I invested in Commonwealth Bank of Australia , my favourite bank, who gave me a few hundred free shares when they took over my Insurance Company (operating worldwide, but in the UK, Colonial Mutual). Those shares are held in my name somewhere and that organisation charges to a fortune to deal so Ijust leave them in situ.
Happily, CBA convert dividends from AUD to GBP and transferr my dividends direct to my UK bank in ££ , which I am perfectly happy with.
I decided to buy some CBA through my broker who operated internationally and by default you have a cash account the currencies they deal in. Most will be zero of course.
IG give you the option (changeable at any time , as often as you want) to deal totally in local currency, for us, GBP.
If you take this option you fund your account and whenever you trade abroad they will convert enough of your GBP balance to conduct the transaction. If you sell overses , they will convert the money back to £!
You lose out each way because they have different buy/sell rates for currency - the same as shares prices - spreads!
Alternatively , you can opt to have multi-currency balances, which is what I have.
I bought CBA shares and receive dividends at my broker account.
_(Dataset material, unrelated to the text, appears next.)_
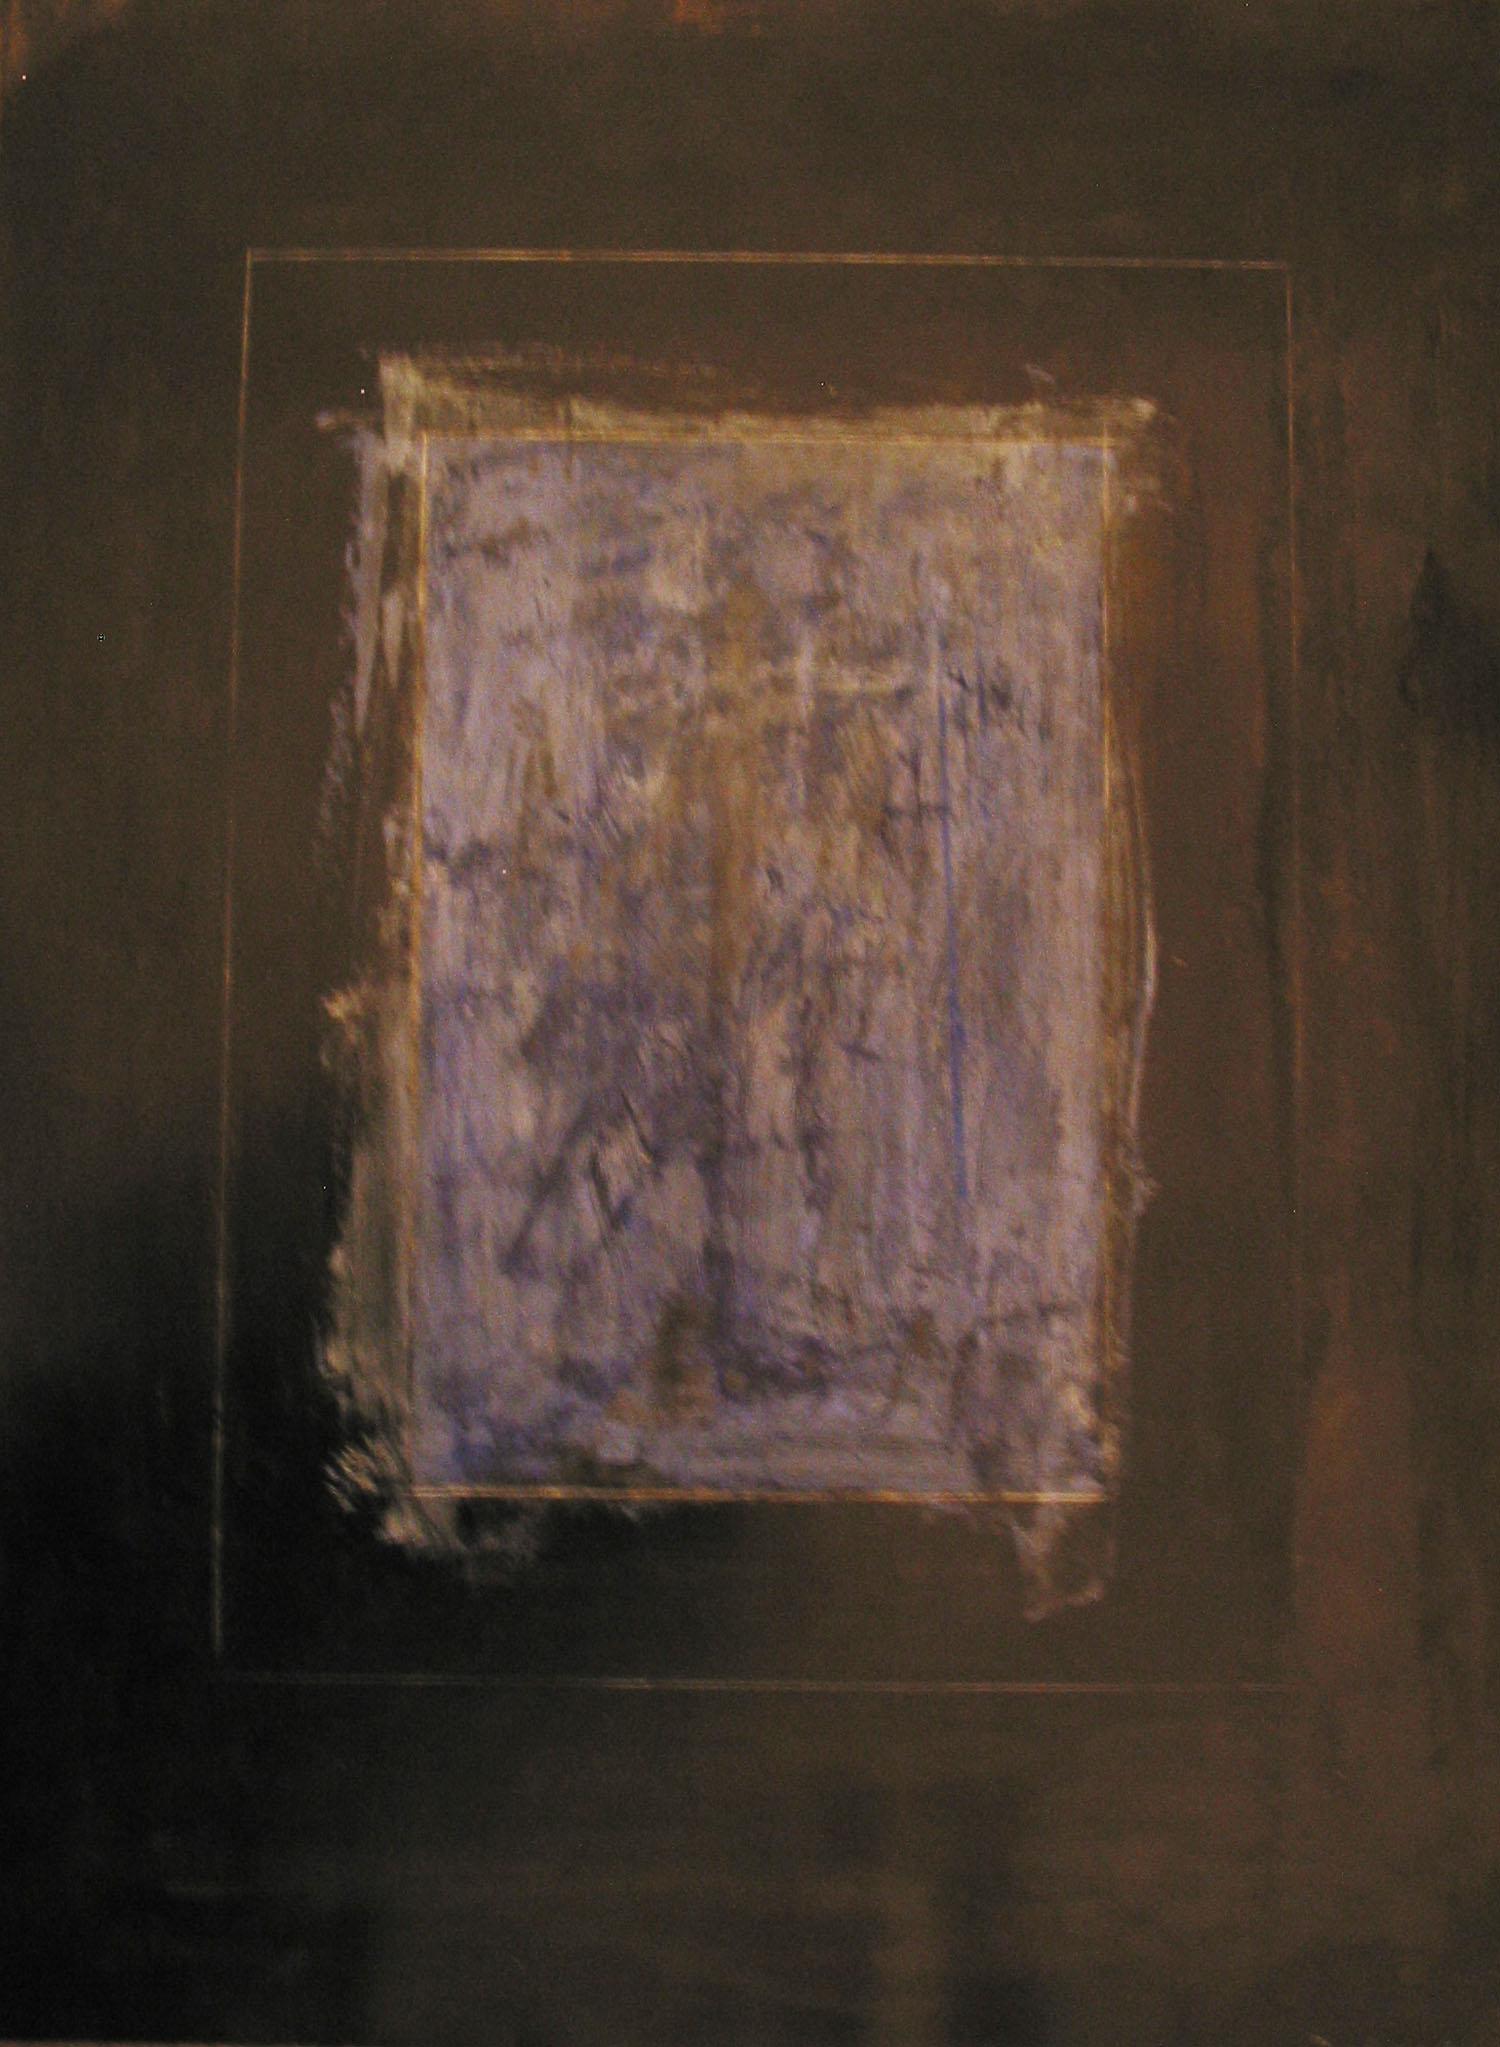 Liam Roberts_-_Velazquez Mirror III_acrylic and  pencil on paper_59 x 43cm.jpg

So my AUD blance increased by exactly those dollars 100% dividend!
CBA were best part of £50 per share so reinvesting the dividend in CBA shares did not interest me (an option I should have taken perhaps, but they are down to £30 currently).
My preferred action was to use those dividend dollars to by TOU (TLOU) shares with those dollars in my AUD cash account. So twice a year I get a dividend which is 100% (less $10 commission) used to buy TLOU shares.
In practice that was the case until I sold CBA at $93 (having bought in the $70 range) and used the money to buy HL. back in Blighty for their dividend! Was going to go back to CBA after the dividend but HL collapsed from £18 to £12 so I am sticking with them for their dividend instead.
So I have ASX shares in TLOU for no good reason just as you thought!
BUT the foreign exchange rate between AUD and GBP varies all the time , so as MM said, arbitrage comes into it! If the dollar became extremely strong against the £ I can sell my ASX holding and settle in £ for a small windfall. And vice versa, of course!
I hope that gives you some incite into foreign exchanges from our point of view!
From the companies point of view , they simply prefer to have shareholders money from three countries rather than one? And the added work makes it worthwhile!
E.G. Which exchange did the pension fund use to buy their shares? Unlikely to be the FTSE, and if it was BSE (I don't know without researching) would they have bothered on the the other two?
And TG's professional friend, bought through ASX .... would they have ventured overseas?
I think TLOU kno hat they are doing .... so relax!